# Assign #45: Old



## Jeff Canes (Aug 28, 2006)

The new assignment is *Old*. Pretty self-explanatory right? I will post the next assignment in two weeks.

Remember to read the RULES before you post!!! Photos posted in the assignments threads are to be NEW PHOTOS taken for the assignment ONLY!
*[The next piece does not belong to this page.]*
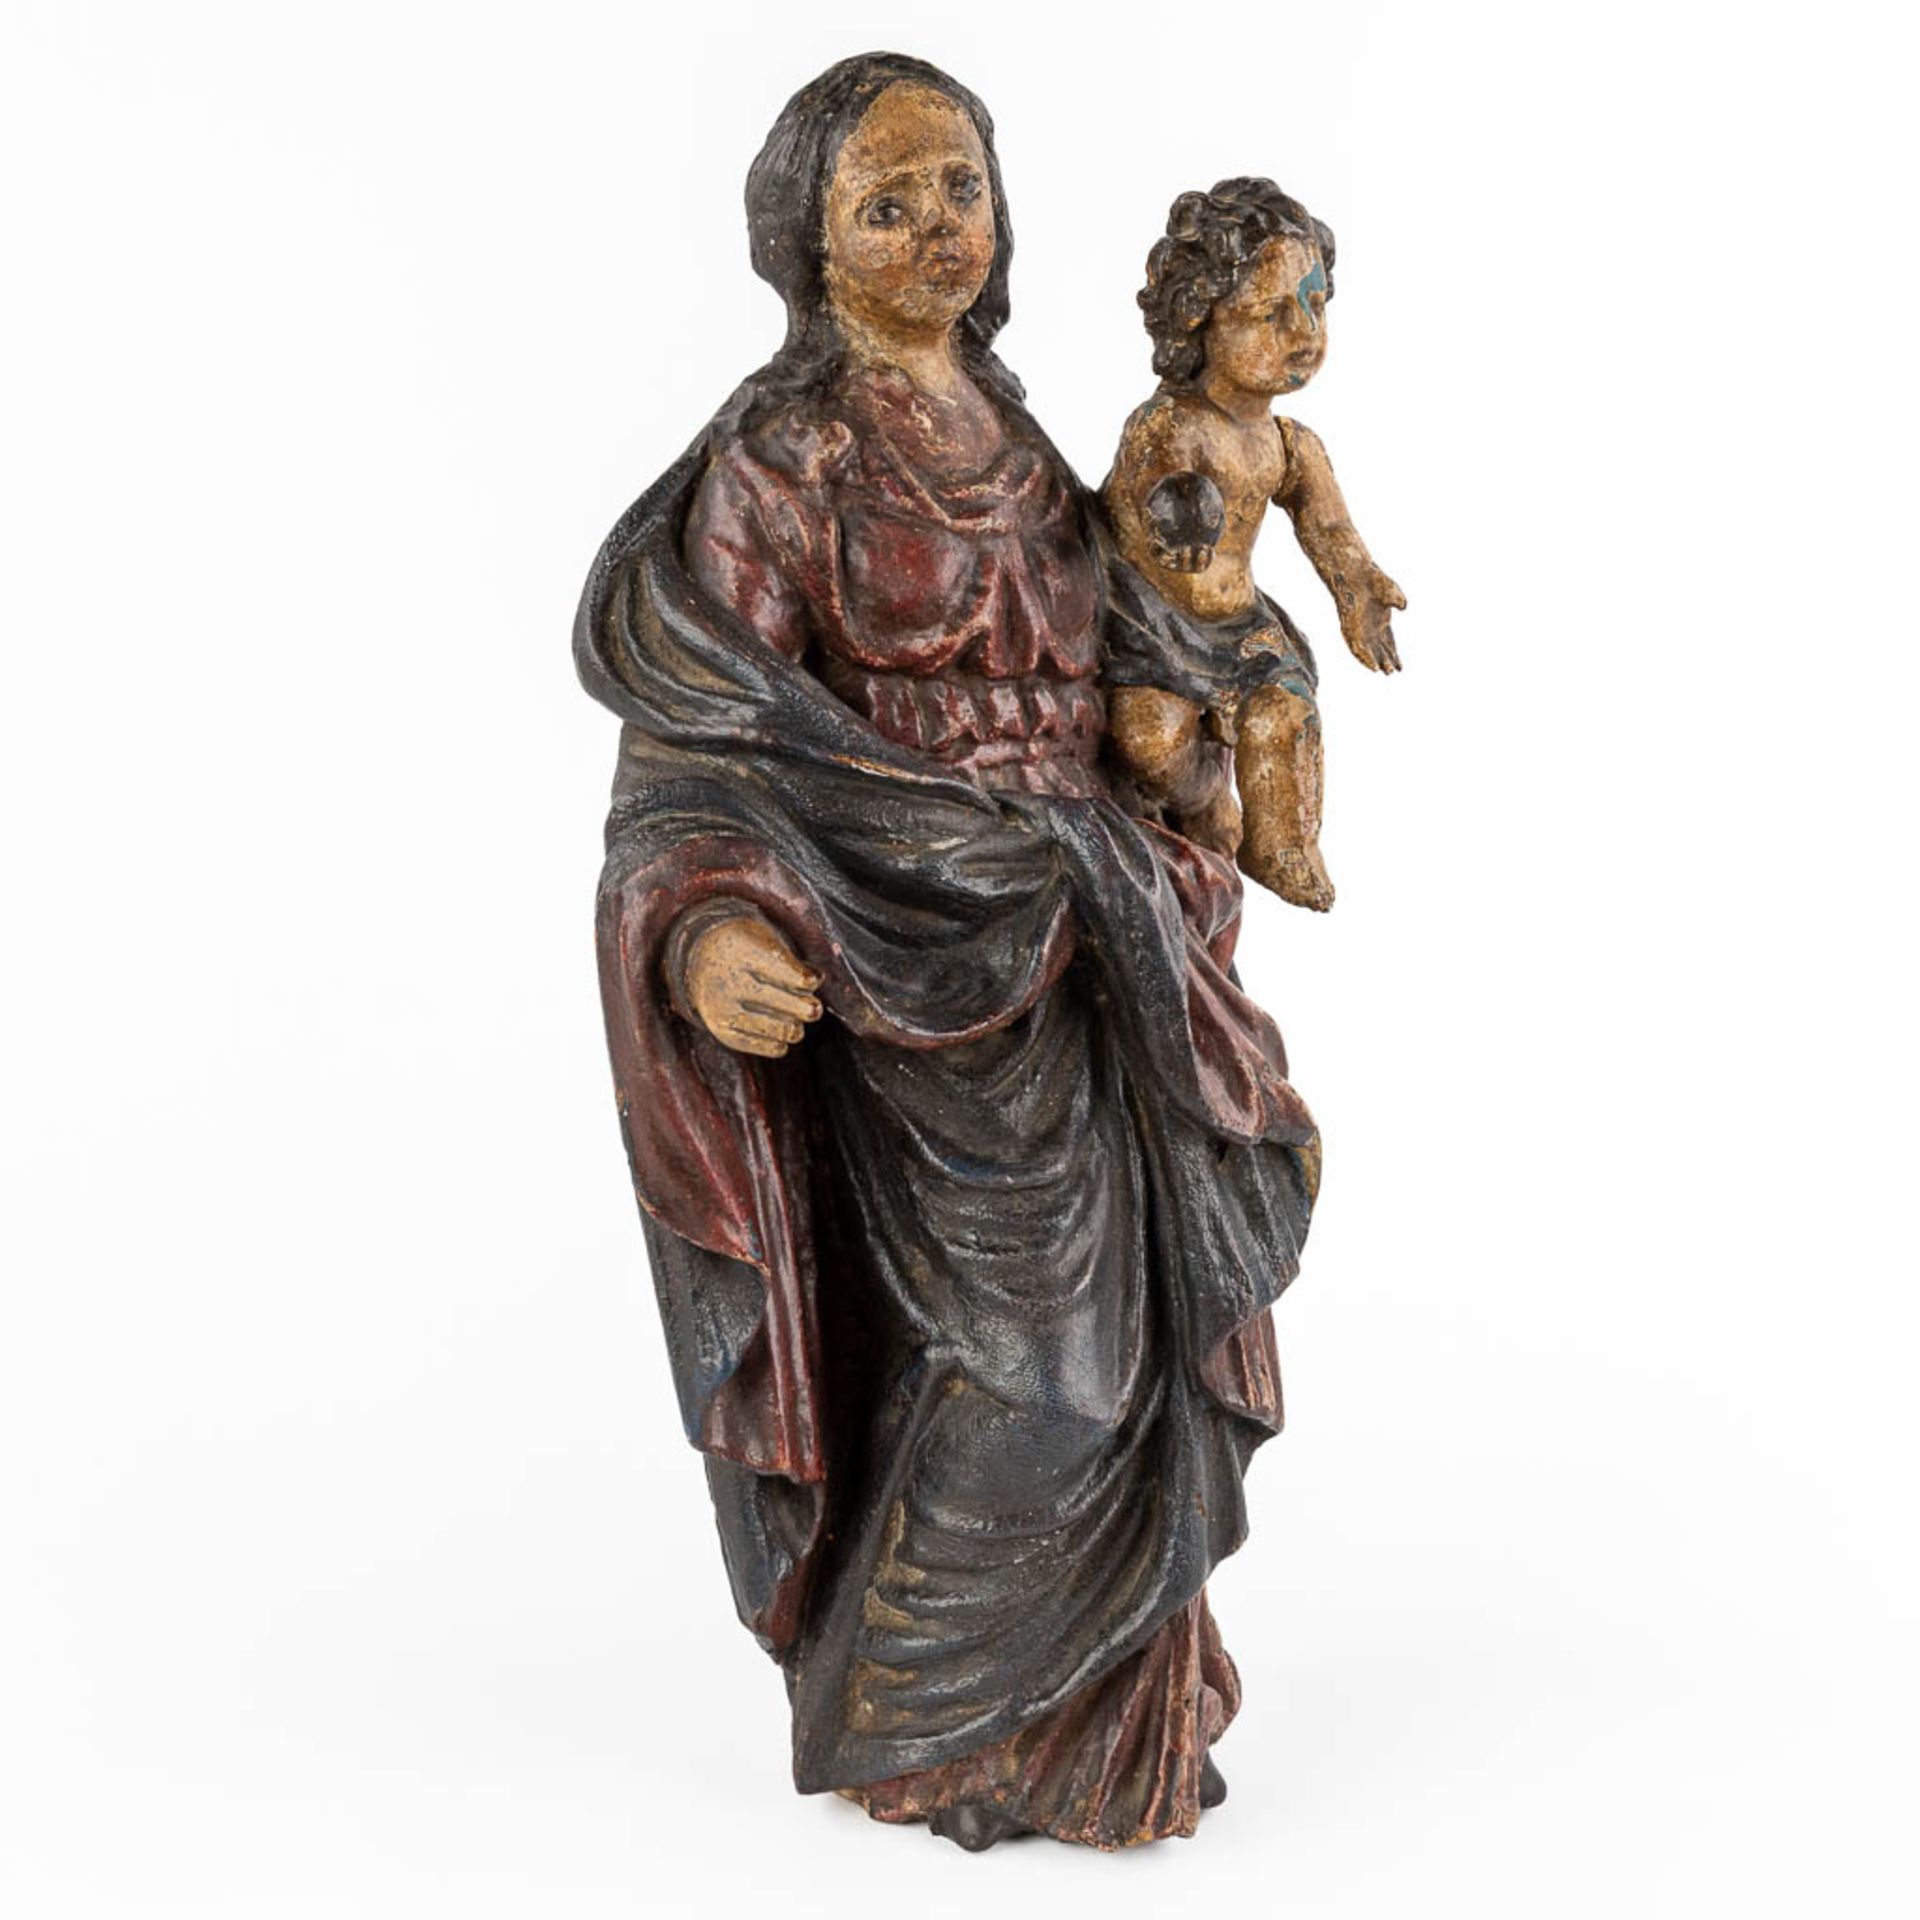 An antique figurine of Madonna with child, polychrome. 17th/18th C. (W:24 x H:46 cm) - Image 3 of 13

If you have a photo that you would like to submit, but it was taken before this assignment was posted, PLEASE DO NOT POST IT HERE! If you have taken photos before this date that fit the theme and you'd like to share, please post it in any of the threads listed in the themes index.


----------



## DeepSpring (Aug 28, 2006)

My girlfriend got me this from goodwill it was only $5


----------



## DeepSpring (Sep 4, 2006)

no other takers yet?


----------



## Oldfireguy (Sep 4, 2006)

Pre-Inca ruins in Peru.


----------



## bantor (Sep 5, 2006)

Hello all, went to Drumheller the other day and thought of the 'old' theme


----------



## dirtnapper (Sep 5, 2006)

I saw this while trying locate some historical stones, says OLD to me...


----------



## zombiekilla (Sep 5, 2006)

awesome shot dirtnapper!


----------



## Oldfireguy (Sep 5, 2006)

Dirtnapper, very cool shot!  Location?


----------



## dirtnapper (Sep 5, 2006)

fredcwdoc said:
			
		

> Dirtnapper, very cool shot!  Location?



Thanks guys...this is Old Burying Ground; North Andover, MA  USA.  There are burials here of people who were caught up in the Salem (MA) Witch trials of 1692.


----------



## jeroen (Sep 19, 2006)




----------



## Jeff Canes (Sep 19, 2007)

bump


----------